Ван Алден отрывистым жестом отмел в сторону и ужас, и печаль, и соболезнования. Сцена происходила в кабинете следователя в Ницце. Кроме месье Каррежа, комиссара и Ван Алдена в комнате находился еще один человек.

— Месье Ван Алден, — сказал он, — желает действия — быстрого действия.

— О! — воскликнул комиссар, — я ещё не представил вас: месье Ван Алден — это месье Эркюль Пуаро, вы, несомненно, слышали о нем. Несмотря на то что он уже несколько лет как отошел от дел, его имя осталось символом, как имя одного из величайших сыщиков современности.

— Рад видеть вас, месье Пуаро, — сказал Ван Алден, автоматически пользуясь бессмысленной фразой, которую уже давно старался не употреблять. — Так вы уже не занимаетесь своей профессией?

— Да, это так, месье.

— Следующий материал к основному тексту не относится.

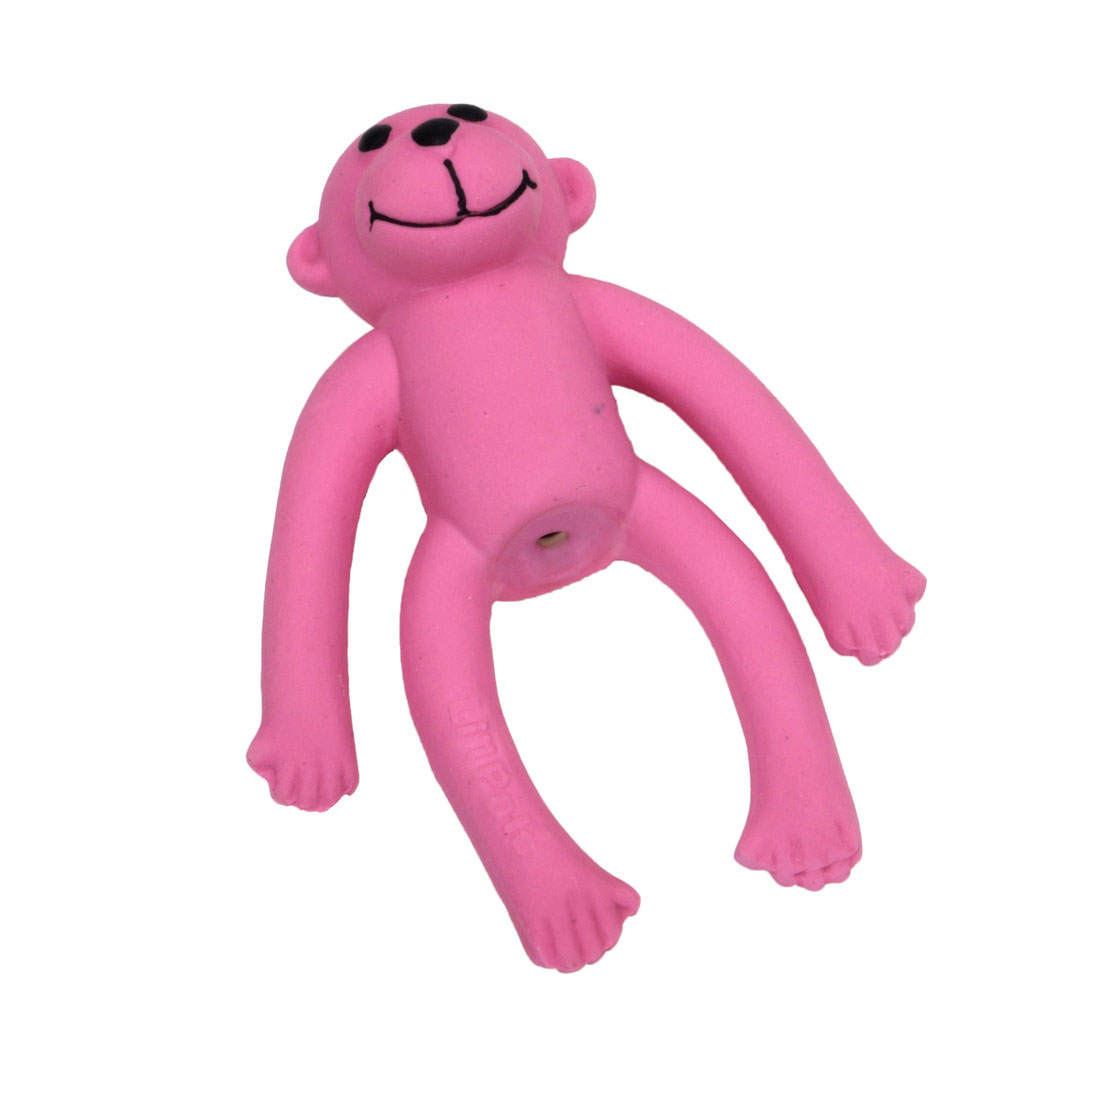 Li'l Pals Latex Monkey Dog Toy, Pink, 4-in

Теперь я просто наслаждаюсь жизнью.

Маленький человечек сделал напыщенный жест.

— Месье Пуаро тоже ехал в «Голубом поезде», — пояснил комиссар, — и был так добр, что согласился помочь нам в расследовании.

Миллионер испытующе посмотрел на Пуаро, а затем неожиданно сказал:

— Я очень богат, месье Пуаро. Обычно говорят, что богачи думают, будто все и вся продается. Это не так. Я в своем роде силен, а один сильный человек может попросить другого об услуге.

Пуаро быстро кивнул в знак понимания и одобрения.

— Вы очень хорошо выразились, месье Ван Алден, я в полном вашем распоряжении.

— Спасибо, — сказал Ван Алден, — я могу только заверить вас, что если когда-нибудь вы обратитесь ко мне за помощью, я не окажусь неблагодарным. А теперь — к делу, джентльмены.

— Я предлагаю допросить служанку Аду Мейсон, — сказал месье Карреж. — Она здесь? Я правильно понял?

— Да, — ответил Ван Алден, — мы взяли ее с собой, когда проезжали через Париж. Она очень расстроена смертью хозяйки, но может говорить вполне связно.

— Тогда начнем с нее, — сказал месье Карреж.

Он позвонил в колокольчик, и в комнату вошла Ада Мейсон. Она была одета в очень опрятное черное платье, кончик ее носа был слегка красен, глаза заплаканы. Она уже сменила свои серые дорожные перчатки на пару замшевых черных. Быстро и тревожно оглядев кабинет следователя, она успокоилась, заметив отца своей хозяйки. Судебный исполнитель, который гордился сердечным обхождением, тоже постарался ее ободрить. Ему помогал и Пуаро, выступавший в роли переводчика, его дружеское обхождение обнадеживало англичанку.

— Вас зовут Ада Мейсон, не так ли?

— Меня окрестили Адой Беатрисой, — уточнила Мейсон.

— Именно так. Как мы понимаем, Мейсон, случившееся было для вас тяжелым ударом?

— Да, конечно, сэр. Я была в услужении у многих леди и все оставались мной довольны. И я никогда еще не попадала в такое положение, как сейчас.

— Ну конечно, — согласился месье Карреж.

— Я читала иногда о таких вещах в воскресных газетах. А потом, я всегда считала, что эти заграничные поезда… — Она вдруг умолкла, вспомнив, что джентльмены, с которыми она беседовала, тоже были французами.

— Ну а теперь давайте уточним кое-что, — сказал месье Карреж. — Насколько я понимаю, когда вы уезжали из Лондона, вовсе не предполагалось, что вы останетесь в Париже?

— Конечно нет, сэр. Мы должны были ехать прямо в Ниццу.

— Вы когда-нибудь раньше ездили со своей хозяйкой за границу?

— Нет, сэр. Видите ли, я всего два месяца работала у нее.

— Выглядела ли она как обычно, когда вы отъезжали?